BOGOTÁ.— A menos de dos semanas de su posesión, el presidente electo Abelardo de la Espriella anunció una profunda reestructuración del servicio exterior colombiano, que incluye el cierre de 14 embajadas en distintos países del mundo. El anuncio, hecho públicamente en sus redes sociales, marca un giro drástico en la política exterior del país y anticipa tensiones diplomáticas con gobiernos históricamente vinculados a Colombia.
Un rediseño del Estado y de la política exterior
De la Espriella justificó la medida como parte de un plan de austeridad fiscal, reducción de burocracia y reorientación del aparato estatal hacia la atracción de inversión privada y la apertura de nuevos mercados.
Entre las sedes diplomáticas que serán clausuradas se encuentran las embajadas en Cuba, Nicaragua, Argelia y Haití, países con los que Colombia ha mantenido relaciones estratégicas en distintos momentos.
Ruptura con Cuba y Nicaragua
El presidente electo afirmó que con Cuba y Nicaragua no habrá ningún tipo de relación bilateral, calificando a ambos gobiernos como “tiranías”. Con los demás países afectados, Colombia mantendrá vínculos mediante representación concurrente desde embajadas ubicadas en naciones cercanas.
Impacto en procesos de paz y mediación regional
Expertos en seguridad nacional advierten que el retiro de delegaciones en países como Cuba y Nicaragua supone un quiebre con el modelo de mediación que históricamente facilitó diálogos con grupos armados como las FARC y el ELN. Cuba, en particular, ha sido clave en negociaciones de paz exitosas y fallidas.
Según el analista Néstor Rosanía, la nueva postura implica una alianza irrestricta con Estados Unidos y el fin de la cooperación con el llamado “sur global”, priorizando la lucha contra el narcotráfico.
Críticas del gobierno saliente
Desde la administración de Gustavo Petro cuestionaron el cierre de embajadas, especialmente en África, calificándolo como un retroceso diplomático y una traición al espíritu de equilibrio de la Constitución de 1991.

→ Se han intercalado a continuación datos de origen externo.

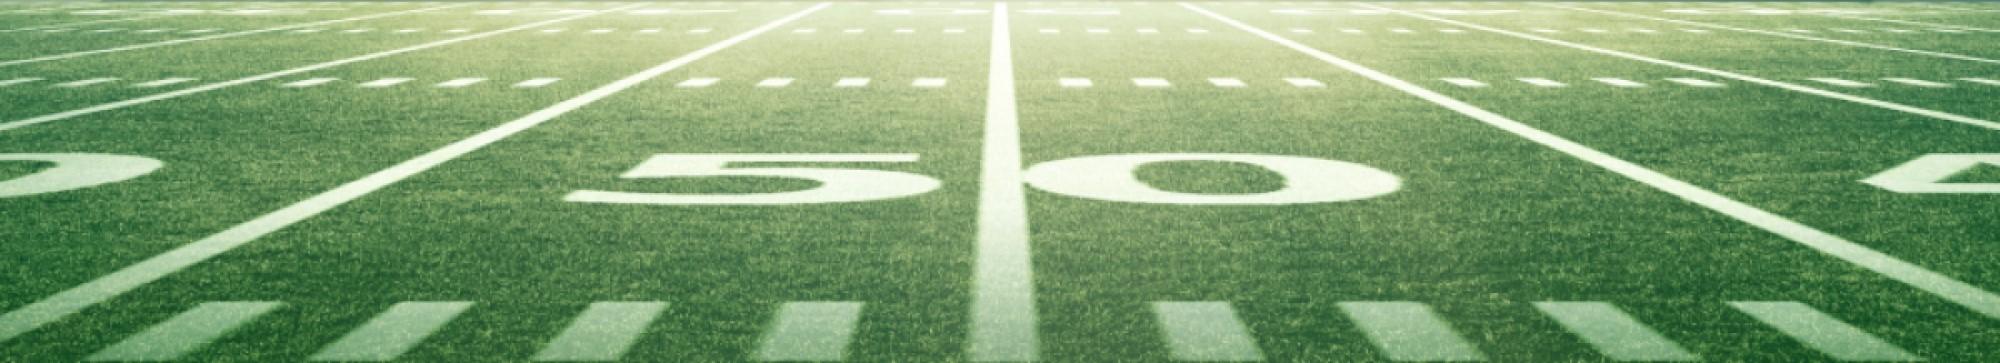 50 yard line image
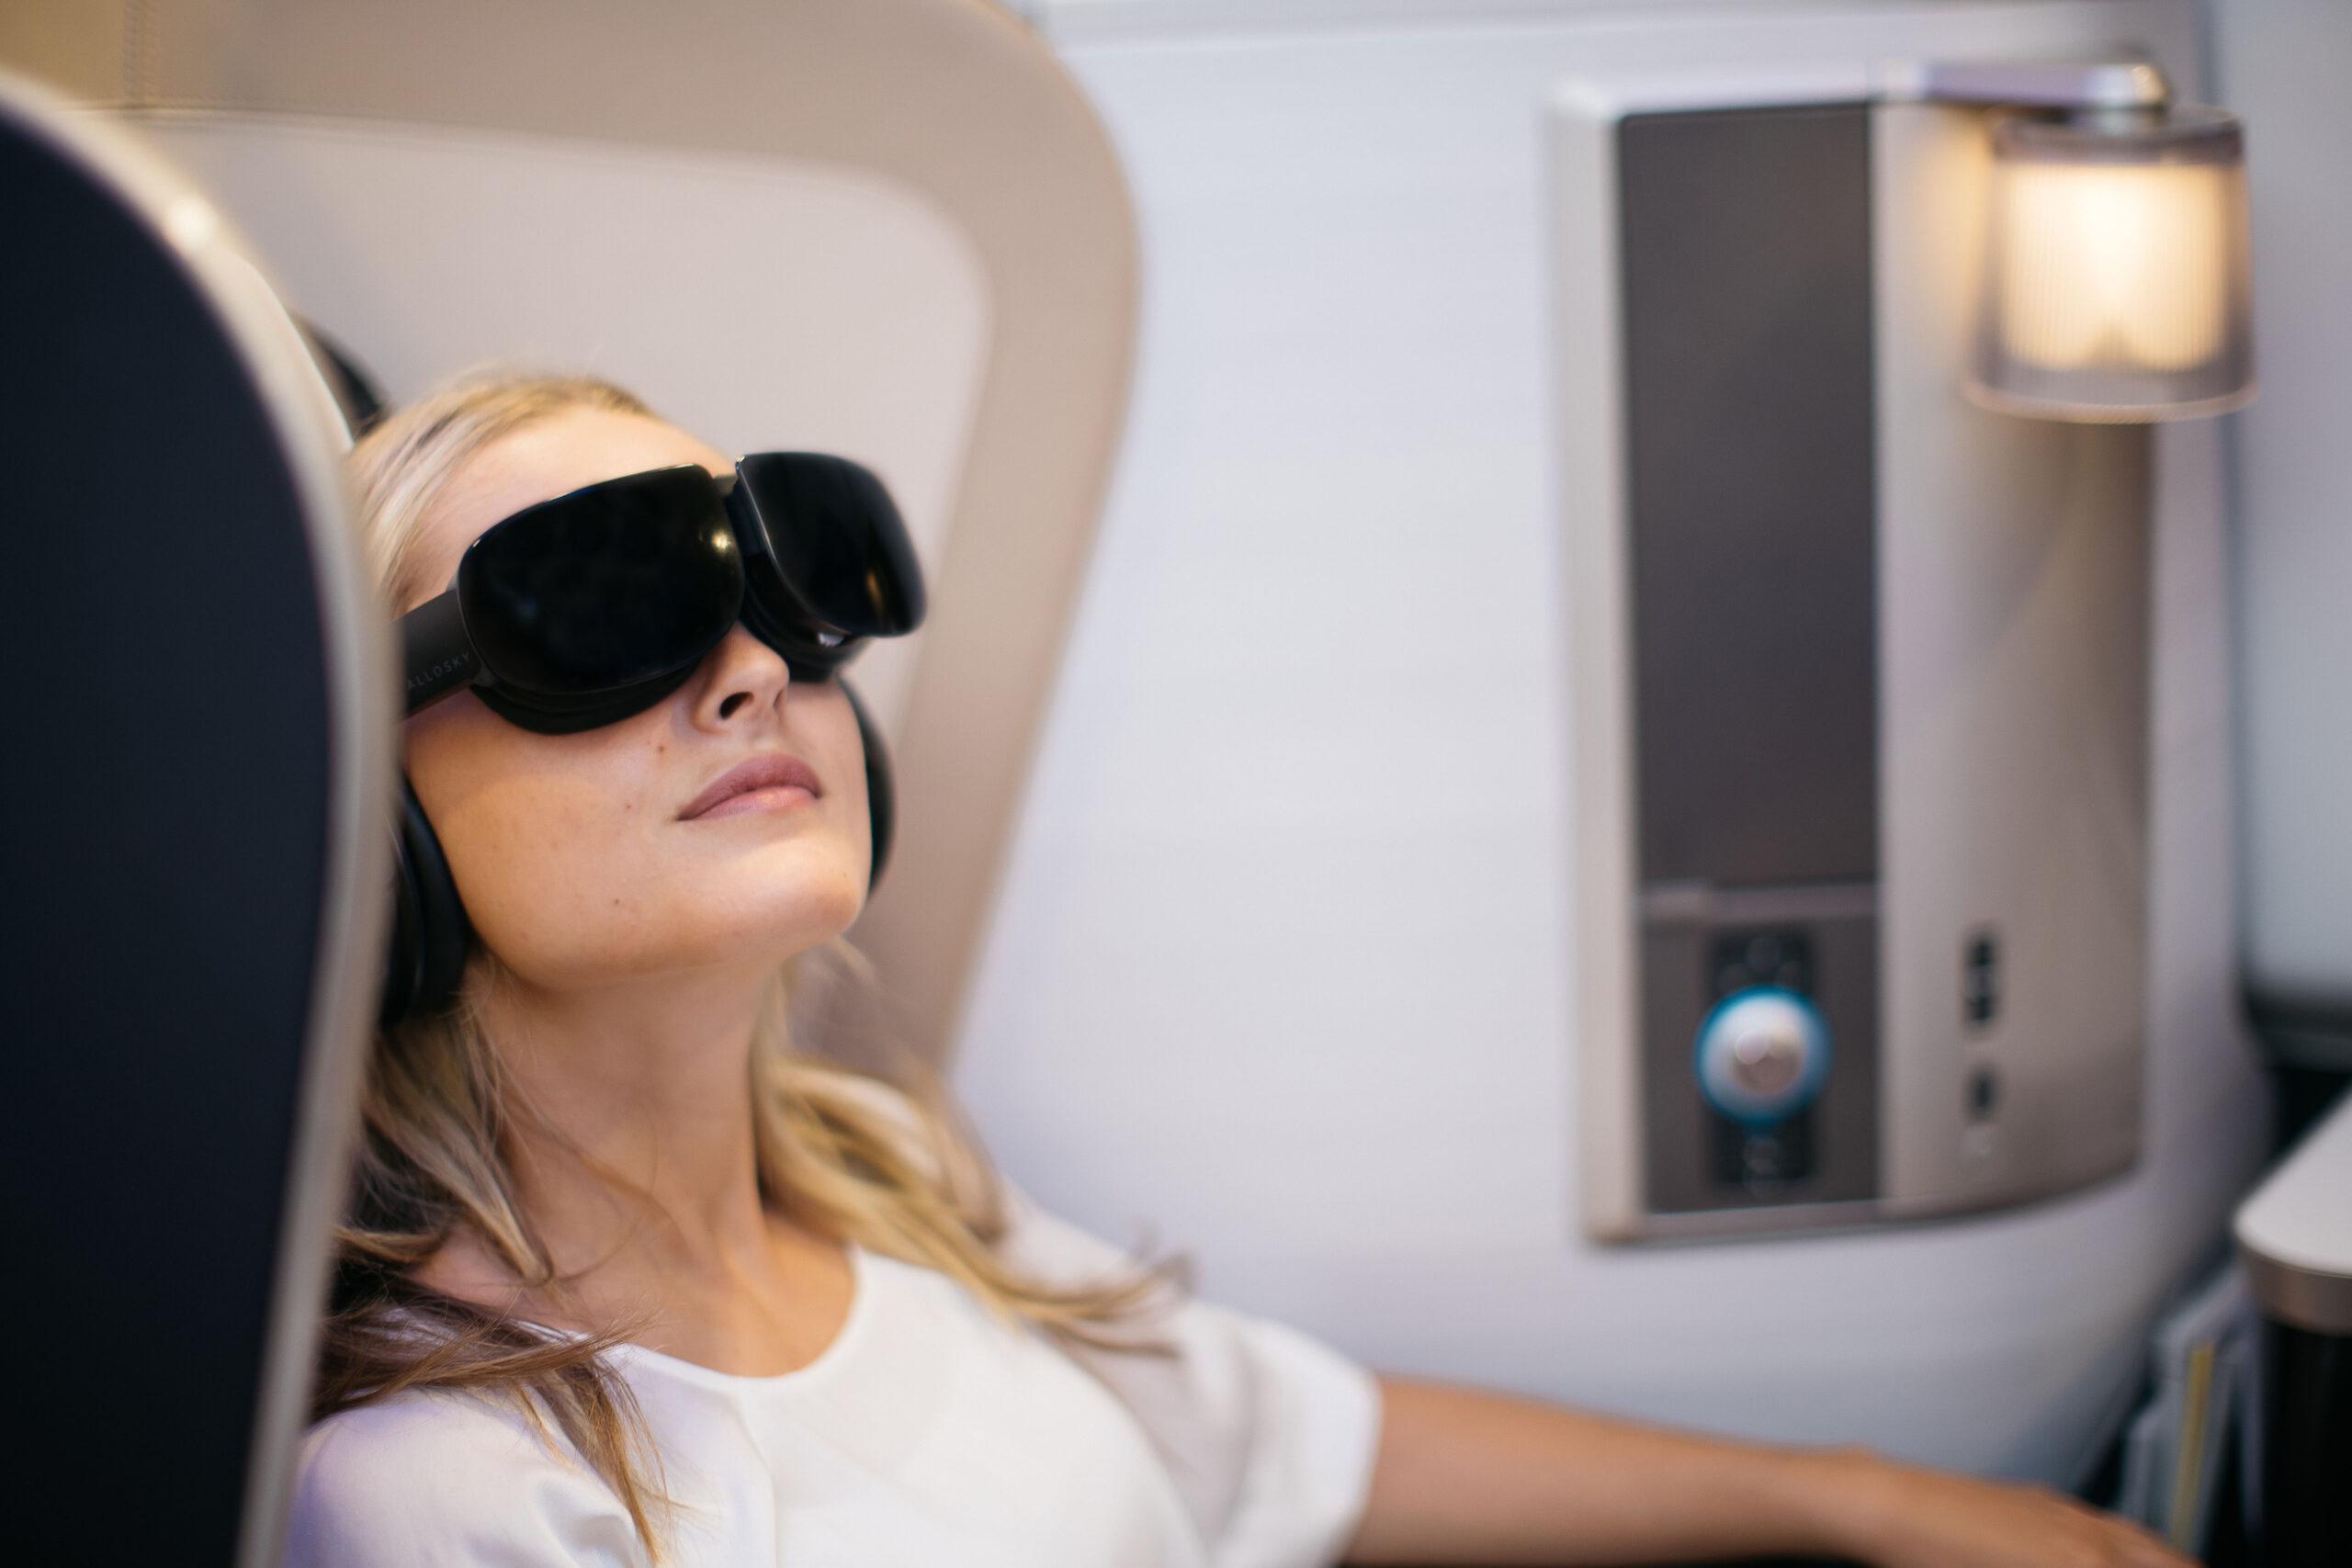 British Airways virtual reality headset

Cambios simbólicos: Nariño será museo
De la Espriella también anunció que no gobernará desde el Palacio de Nariño, que será convertido en museo. La sede del Ejecutivo pasará al Palacio de San Carlos, actual sede de la Cancillería.
Posesión en Cali, no en Popayán
Aunque inicialmente había propuesto juramentarse en una guarnición militar en Popayán, la falta de apoyo político y la oposición del presidente Petro obligaron a cambiar los planes. La ceremonia se realizará en Cali, por razones de seguridad y clima.
El Congreso deberá aprobar el cambio de sede.
Un inicio de gobierno marcado por rupturas y redefiniciones
Las decisiones anunciadas por De la Espriella anticipan un reordenamiento profundo del Estado, una política exterior alineada con Washington y un estilo de gobierno que busca romper con tradiciones históricas de la diplomacia colombiana.